Halil Ibrahim Ülgü 3/7 de Muteşabihe uyma yoktur. Muteşabihin TEŞABEHE sine FİTNE ARAMAK amacıyla uyma vardır: gerek Muteşabihe uymak ve gerekse bunun teşabehesine uymak GEREKLidir GÜNAH değildir. FİTNE ARAMAK amacıyla muteşabihin teşabehedsine uymak yasaklanır. Bıçak almaya çarşıya gittiğinizi söylerseniz kimse size ilşmiz ama ADAM ÖLDÜRMEK için bıçak almaya gittiğinizi söylerseniz Millet başınıza üşüşür ve sizi caydırmaya çalışır. İşte yasak ola budur. Bir adamın anasına avradına söversiniz amacınız onun iyiliğidir. Bu teşabeheye uymaktır. Aynı sövmeyi onun iyiliği için değilde toplum içinde küçük düşürmek için yaparsanız bu teşabeheye FİTNE ÇIKARMAK amacı ile uymaktır. Birincisi makuldür ama ikincisi ADAMLIK değildir. FİTNE çıkarak için TEŞABEHEYE uymaya engüzel çrnekler 2/246-249.cu ayetlerdir.

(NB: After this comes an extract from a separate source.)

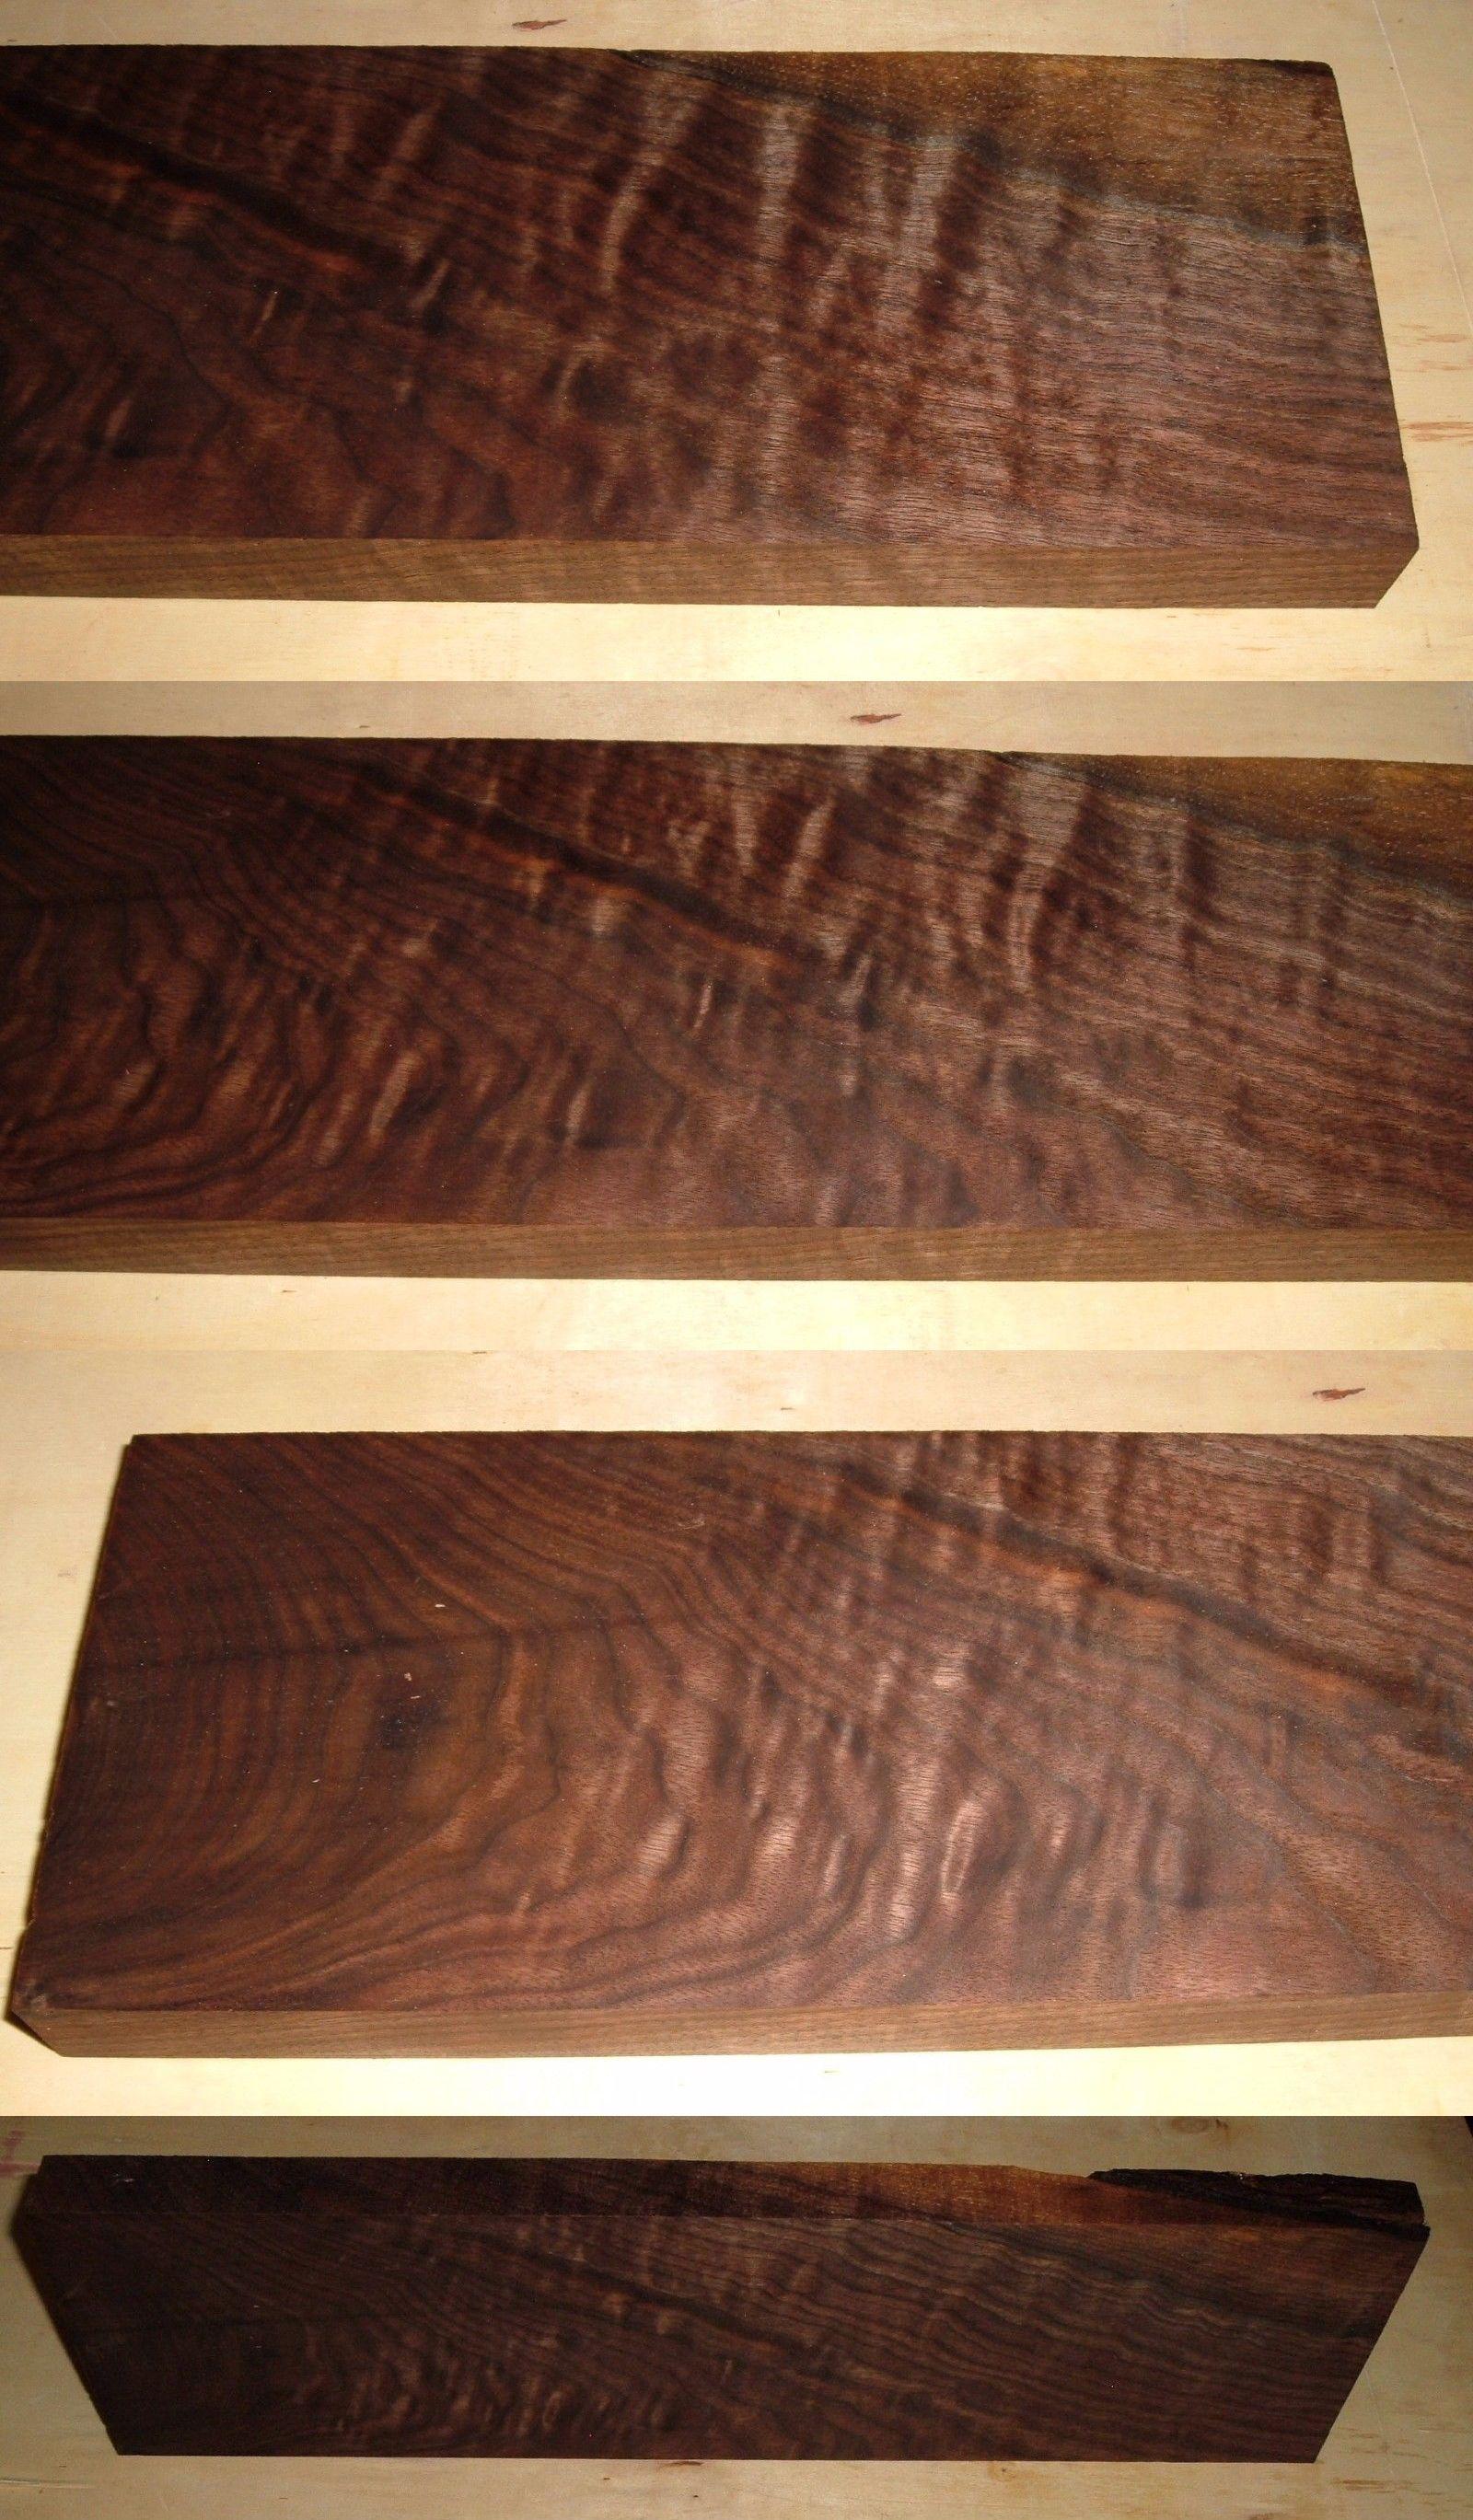 Woodworking Lumber 84011 1 1 8 X5 1 4 X19 4 4 Curly Figure Black Walnut Lumber Craft Board Wood Bws 542 Buy It Now On Woodworking Lumber 84011 Black Walnut Lumber Wood Woodworking

Feridun Akgül Halil Ibrahim Ülgü hocam ayette min ledun ve uhkimet aynı anda kullanıdığına göre bundan ne anlamalıyız.
Elif lâm râ kitâbun uhkimet âyâtuhu summe fussılet min ledun hakîmin habîr
Halil Ibrahim Ülgü Hiçbir şeyin göründüğü gibi olamayabileceğini(elif lam ra) onu tecrübe ede ede öğreneceksiniz(kitabun uhkimet ayatuhu) bunu öğrenirken de sadce bunu değil bu tecrübeler size başka şeyleri de öğretecek(sümme FUSSİLET min ledün Hakiymiun habiyrün).
Halil Ibrahim Ülgü yenile yenile yenmesini ,yıkıla yıkıla ayakta dik durmasını, çarpıla çarpıla çarpılmamayı, aldatıla aldatıla aldaltılamamayı öğreneceksiniz. İşte bunlar sizin için hayatın yani KİTABIN tecrübeleri YANİ MUHKEM ayetleri olacak. hayat size hiç bir şeyin göründüğü gibi olamayabileceğini öğretecek İşte bu da ELİ FLAM RA . dır.
Feridun Akgül Yani meallerde ki anlam doğru değil Mealler kitabın açıklanmış olduğundan bahsediyor oysa ortada bir açıklık yok.
Halil Ibrahim Ülgü Mealler adamı ya ataist ya deist yada SAPIK yapar. İyi bir mealcinin İYi bir SORGULAYICI karşısında hiç bir şansı yoktur. Kuran MEAL değildir. Meallerin allahın kurana koyduğu ve rahman suresinde ziktrettiği 30 adet tekniğin kullanılarak tüm sorulara cevap verebilen haline KURAN denilir. KURAN Tedrisat ilmidir. TEDRİSAT ilminin Belkemiği ise KUVVETLİ SORGULAMAdır.
Halil Ibrahim Ülgü allahı kuvvetli sorgula KORKMA o kendine ve indirdiği ilme güveniyor. Sendeki bu cehdi gördüğü an seni, ilmine ortak edecektir. Çünkü allah hepimizin LORDudur Hepimizden daha zekidir EN ZEKİ dir: bu ilm onun dehasının bir tezahürüdür: Böylesine bir ilm Kulllarının kemdisini sorgulamasından ŞEREF DUYAR. Kendini sorguluyanı da EŞREFİ MAHLUKAT kılar.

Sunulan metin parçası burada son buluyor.